To investigate the protein expression and clinicopathological significance of PSMD6 in ICC.

METHODS

The potential impact of the PSMD6 gene on the growth of ICC cell lines was analyzed using clustered regularly interspaced short palindromic repeat knockout screening technology. Forty-two paired specimens of ICC and adjacent non-cancerous tissues were collected. PSMD6 protein expression was determined by immunohistochemistry. Receiver operating characteristic curve analysis was performed to validate PSMD6 expression level, and its association with ICC patients’ various clinicopathological characteristics was investigated.

RESULTS

The PSMD6 gene was found to be essential for the growth of ICC cell lines. PSMD6 protein was significantly overexpressed in ICC tissues (P < 0.001), but showed no significant association with patient age, gender, pathological grade, or tumor-node-metastasis stage (P > 0.05).

CONCLUSION

PSMD6 can promote the growth of ICC cells, thus playing a pro-oncogenic role.

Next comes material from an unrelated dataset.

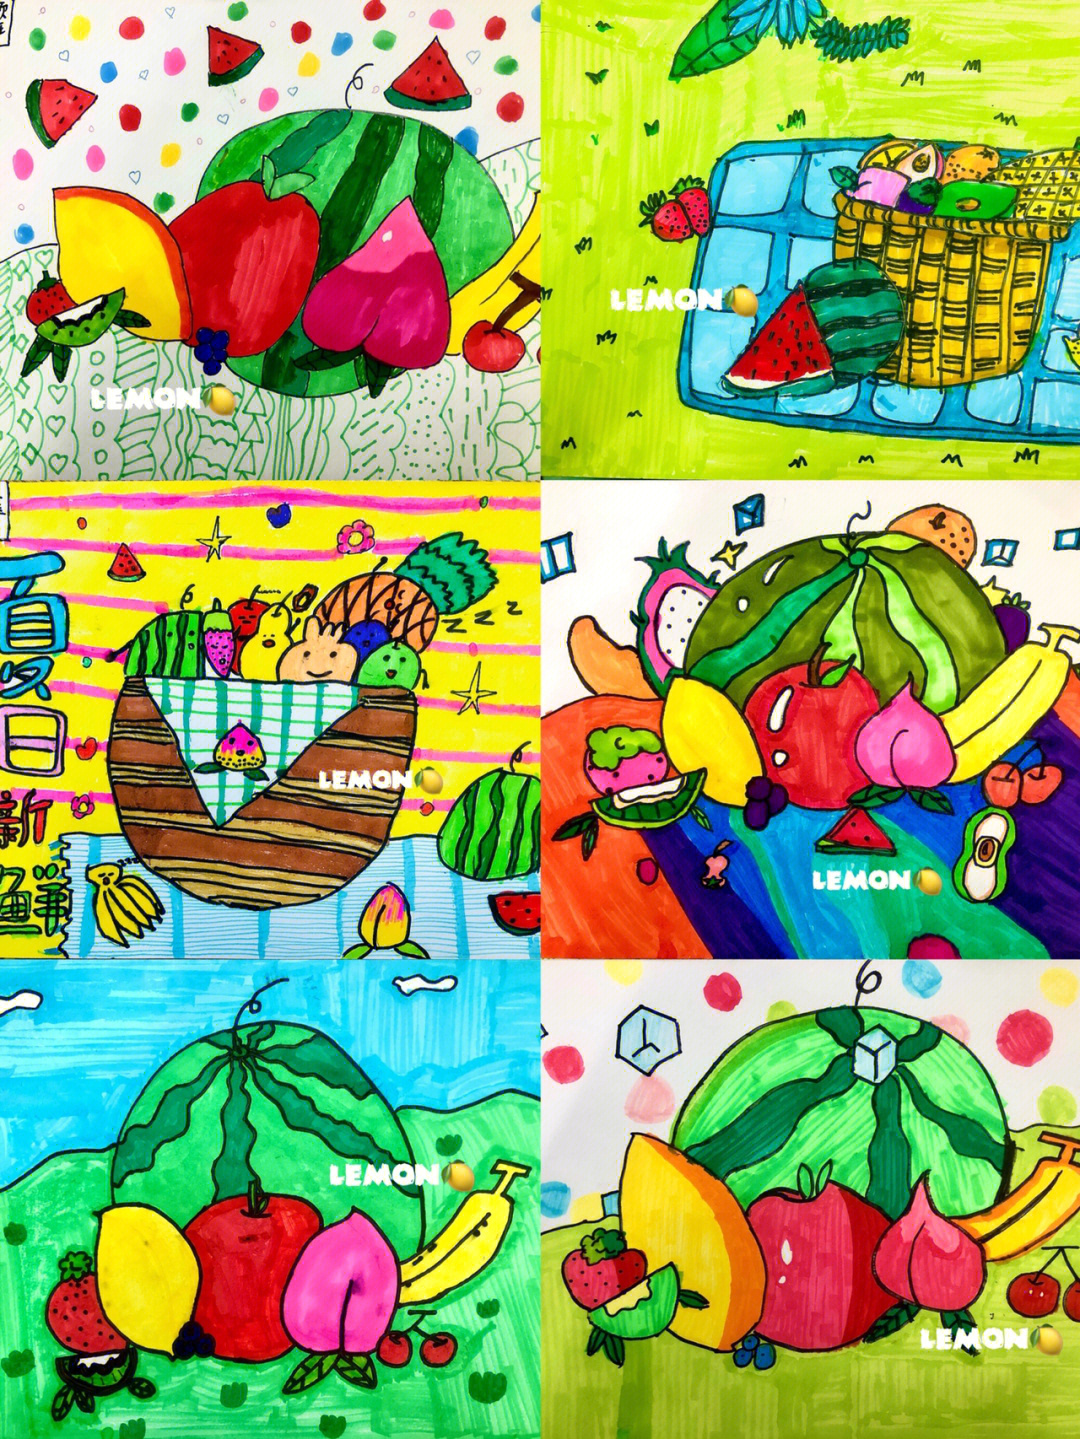 二年级水果画 作品图片

Keywords: Intrahepatic cholangiocarcinoma; Proteasome 26S subunit non-ATPase 6; Immunohistochemistry; Clustered regularly interspaced short palindromic repeat knockout screening; Clinicopathological characteristics

Core Tip: This study examined the expression and clinicopathological significance of proteasome 26S subunit non-ATPase 6 (PSMD6) in intrahepatic cholangiocarcinoma (ICC). It was discovered that the PSMD6 gene was essential for the proliferation of ICC cell lines. Furthermore, PSMD6 protein expression was significantly elevated in ICC specimens (P < 0.001), although it was not significantly correlated with patient age, gender, pathological grade, or tumor-node-metastasis stage (P > 0.05). These results indicate that PSMD6 may enhance the proliferation of ICC cells, thereby contributing to its oncogenic potential.